Gisele Bündchen contemplated suicide to escape crippling panic attacks.

Gisele Bundchen

Gisele Bundchen

The 38-year-old supermodel developed a fear of tunnels, elevators and other enclosed spaces after a bad experience with a bumpy flight on a small plane in 2003 and she was left feeling so "powerless", she considered ending her life when she even found herself gripped by panic attacks even in her own home.

She said: "I had a wonderful position in my career, I was very close to my family, and I always considered myself a positive person, so I was really beating myself up. Like, 'Why should I be feeling this?' I felt like I wasn't allowed to feel bad.

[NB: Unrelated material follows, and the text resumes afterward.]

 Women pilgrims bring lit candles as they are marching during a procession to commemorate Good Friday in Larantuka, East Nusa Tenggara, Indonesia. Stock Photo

"But I felt powerless. Your world becomes smaller and smaller, and you can't breathe, which is the worst feeling I've ever had.

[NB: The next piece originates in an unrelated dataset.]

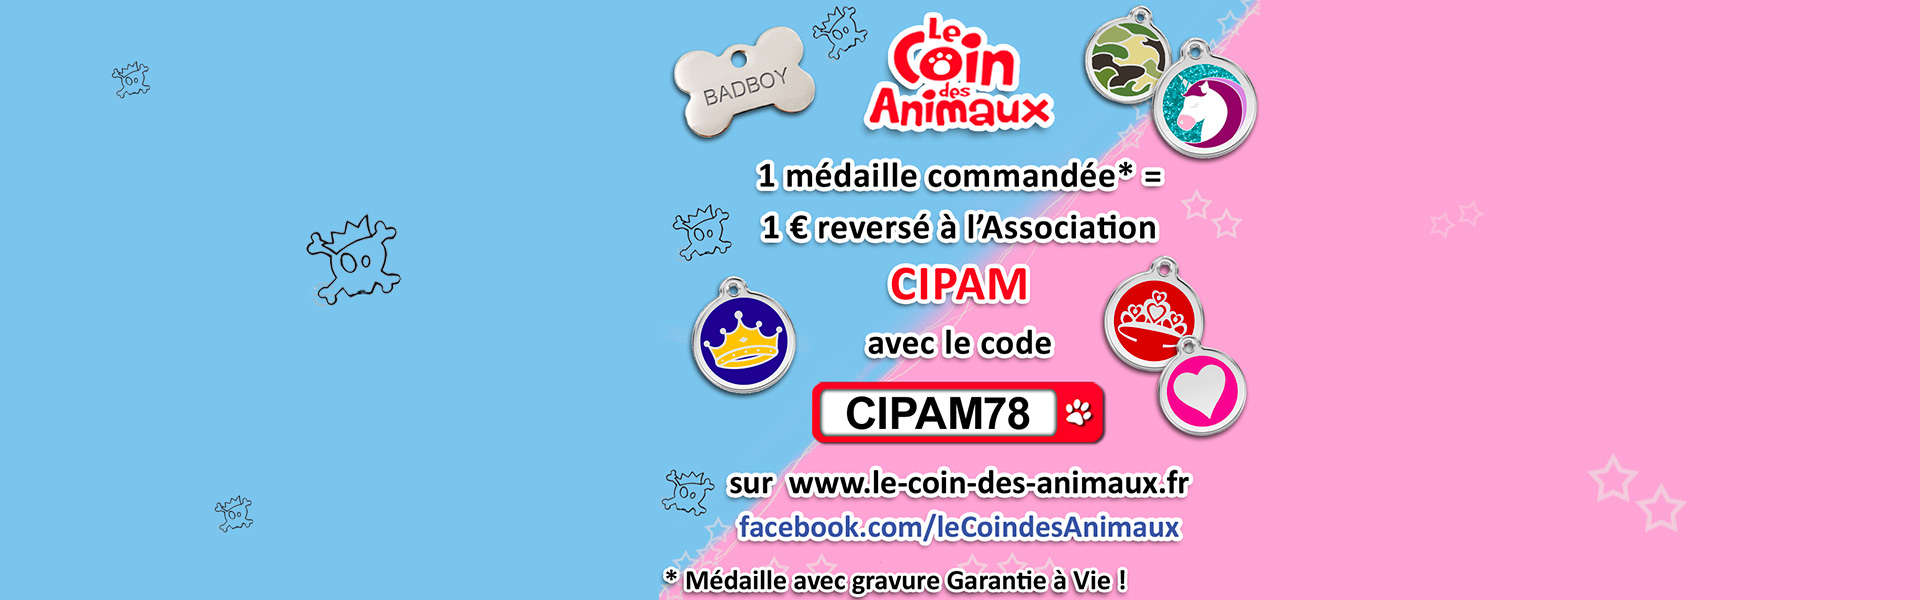 slide-coin-animaux

"I actually had the feeling of, 'If I just jump off my roof, this is going to end, and I never have to worry about this feeling of my world closing in.' "

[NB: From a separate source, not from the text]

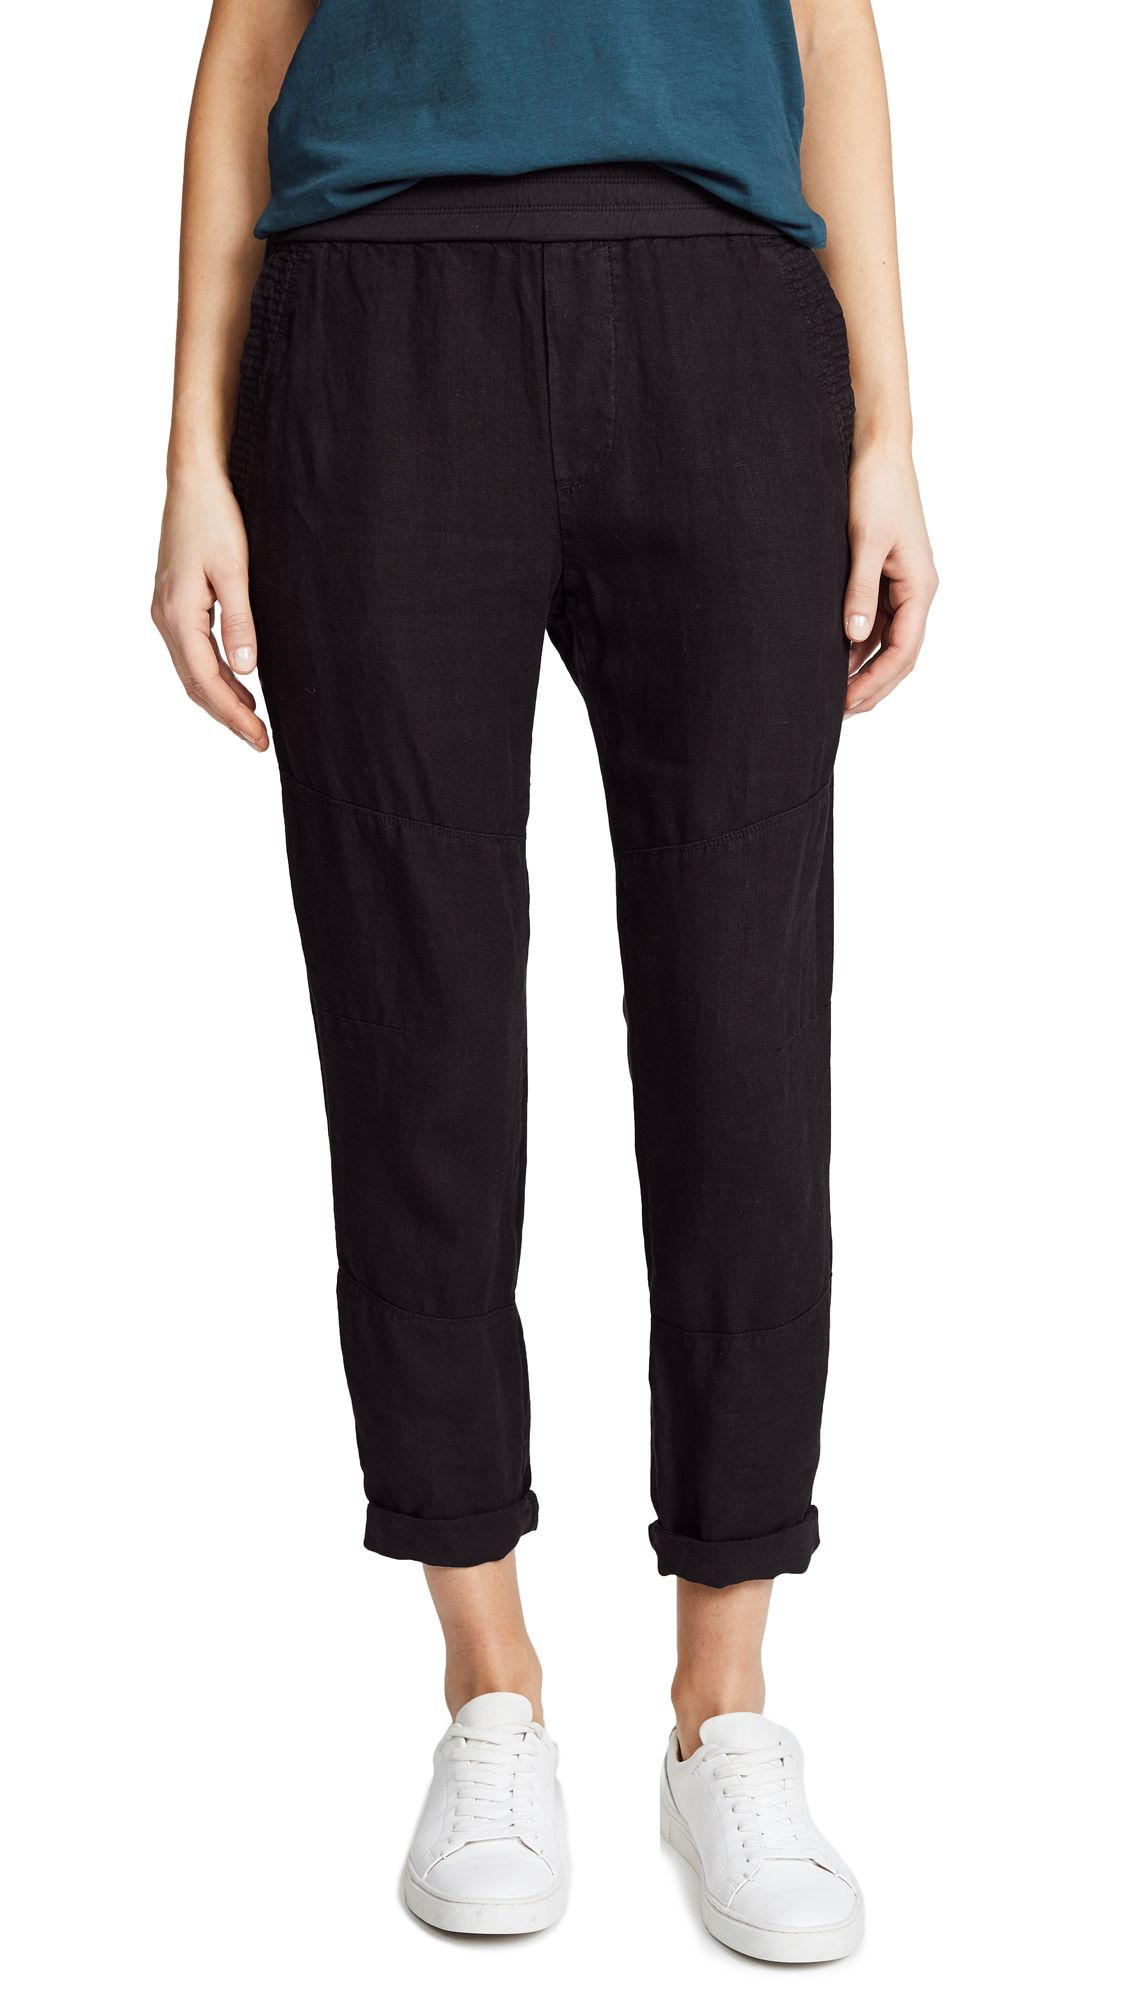 James Perse Patched Pull On Pants | Shopbop

Gisele eventually saw a specialist who prescribed Xanax but she didn't want to rely on medication.

She explained to People magazine: "The thought of being dependent on something felt, in my mind, even worse, because I was like, 'What if I lose that [pill]? Then what? Am I going to die?' The only thing I knew was, I needed help."

Instead, the brunette beauty - who has children Benjamin, eight, and five-year-old Vivian with husband Tom Brady - opted to overhaul her lifestyle, including cutting out sugar and taking up yoga and meditation.

She said: "I had been smoking cigarettes, drinking a bottle of wine and three mocha frappacinos every day, and I gave up everything in one day.

"I thought, if this stuff is in any way the cause of this pain in my life, it's gotta go."

And, after feeling she was "alone" in her soul-searching, she ended her relationship with then-boyfriend Leonardo DiCaprio but she has no regrets about their romance.

She said: "Everyone who crosses our path is a teacher, they come into our lives to show us something about ourselves.

"And I think that's what he was. What is good versus bad? I honour him for what he was."